Here’s how it went, including 7 debugging issues that taught me more than any tutorial did.
Architecture: Multi-AZ ECS with Terraform
I decided to build a REST API on AWS ECS Fargate, deployed across three availability zones, with complete Infrastructure as Code automation.
The stack:
- Compute: ECS Fargate with auto-scaling
- Database: RDS PostgreSQL with automated backups
- Load Balancing: Application Load Balancer with health checks
- Networking: VPC with public/private subnets across 3 AZs
- Container Registry: ECR with automated image scanning
- Monitoring: CloudWatch logs, metrics, and dashboards
- IaC: Terraform with modular design
The application: A simple TODO REST API with full CRUD operations. Not because TODOs are exciting, but because they’re familiar enough that interviewers can focus on the infrastructure, not the app logic.

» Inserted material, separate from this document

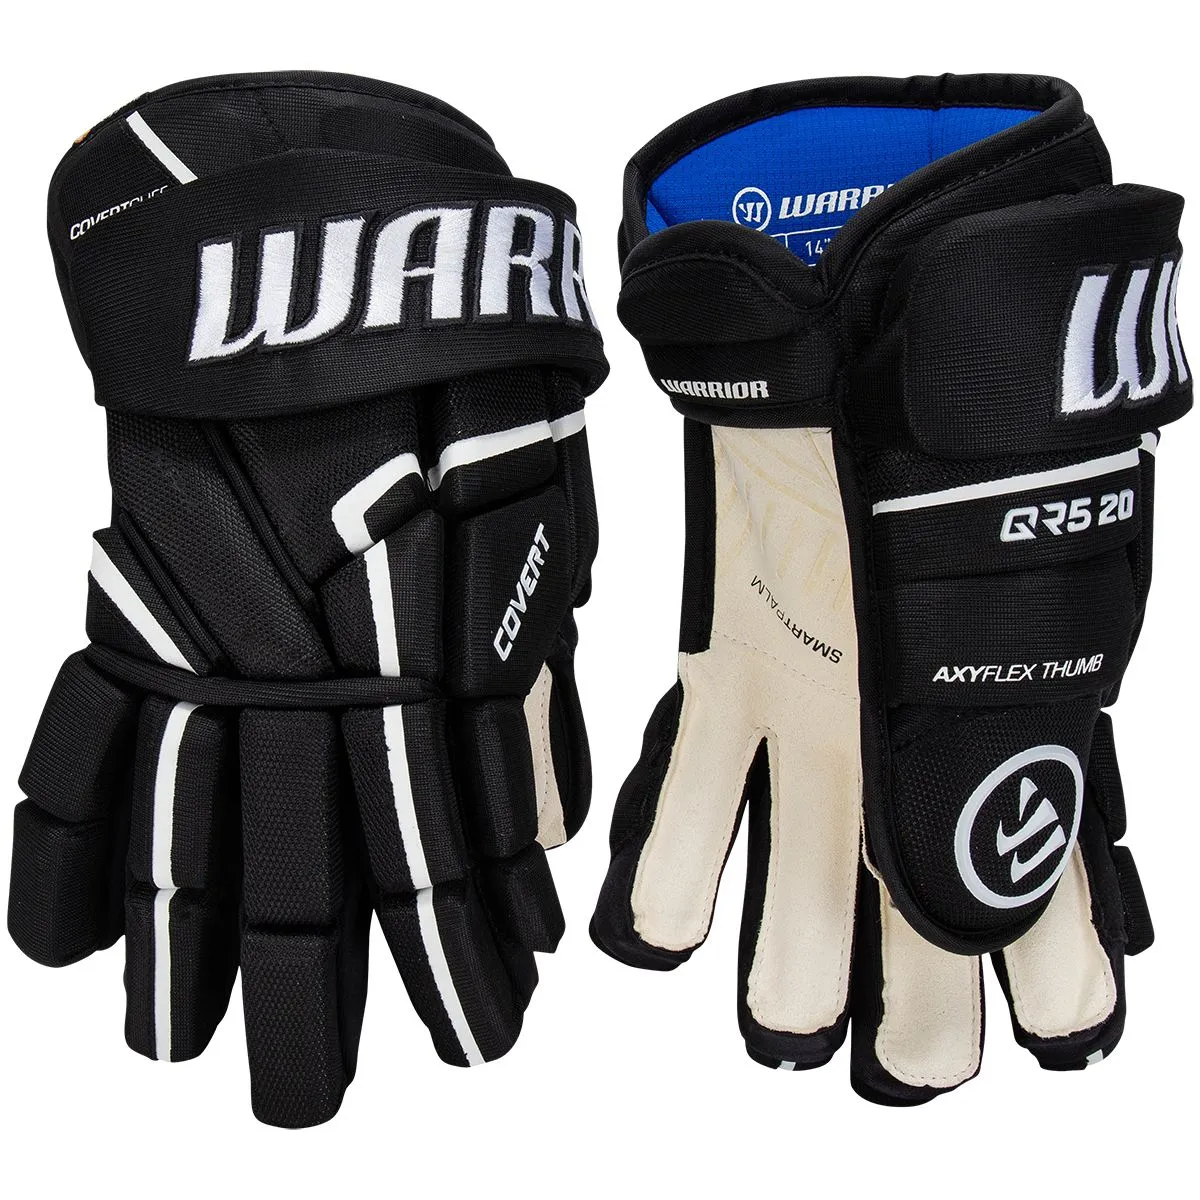 WARRIOR Covert QR5 20 Senior Ice Hockey Gloves

Here’s what the final architecture looks like:
┌─────────────────────────────────────────────────────┐
│ AWS Account │
│ ┌──────────────────────────────────────────────┐ │
│ │ VPC (10.0.0.0/16) │ │
│ │ │ │
│ │ ┌───────────┐ ┌───────────┐ ┌───────────┐ │ │
│ │ │Public AZ-1│ │Public AZ-2│ │Public AZ-3│ │ │
│ │ │ALB + NAT │ │ALB + NAT │ │ NAT │ │ │
│ │ └───────────┘ └───────────┘ └───────────┘ │ │
│ │ │ │ │ │ │
│ │ ┌───────────┐ ┌───────────┐ ┌───────────┐ │ │
│ │ │Private AZ1│ │Private AZ2│ │Private AZ3│ │ │
│ │ │ECS Tasks │ │ECS Tasks │ │ RDS │ │ │
│ │ └───────────┘ └───────────┘ └───────────┘ │ │
│ └──────────────────────────────────────────────┘ │
│ │
│ Internet → ALB → ECS Fargate → RDS PostgreSQL │
└─────────────────────────────────────────────────────┘
Key decisions:
- ECS Fargate over EC2: No server management, pay per task
- Multi-AZ deployment: Actual high availability, not just a checkbox
- Terraform modules: Reusable components for networking, compute, database
- Docker provider in Terraform: Automated image builds (this was crucial)
What Actually Works
The thing deploys. One terraform apply and 10 minutes later you’ve got a live API. Multi-AZ, auto-scaling, CloudWatch metrics and logs, the whole thing. Response times are 200-300ms consistently. I can hand someone the repo and they can run it.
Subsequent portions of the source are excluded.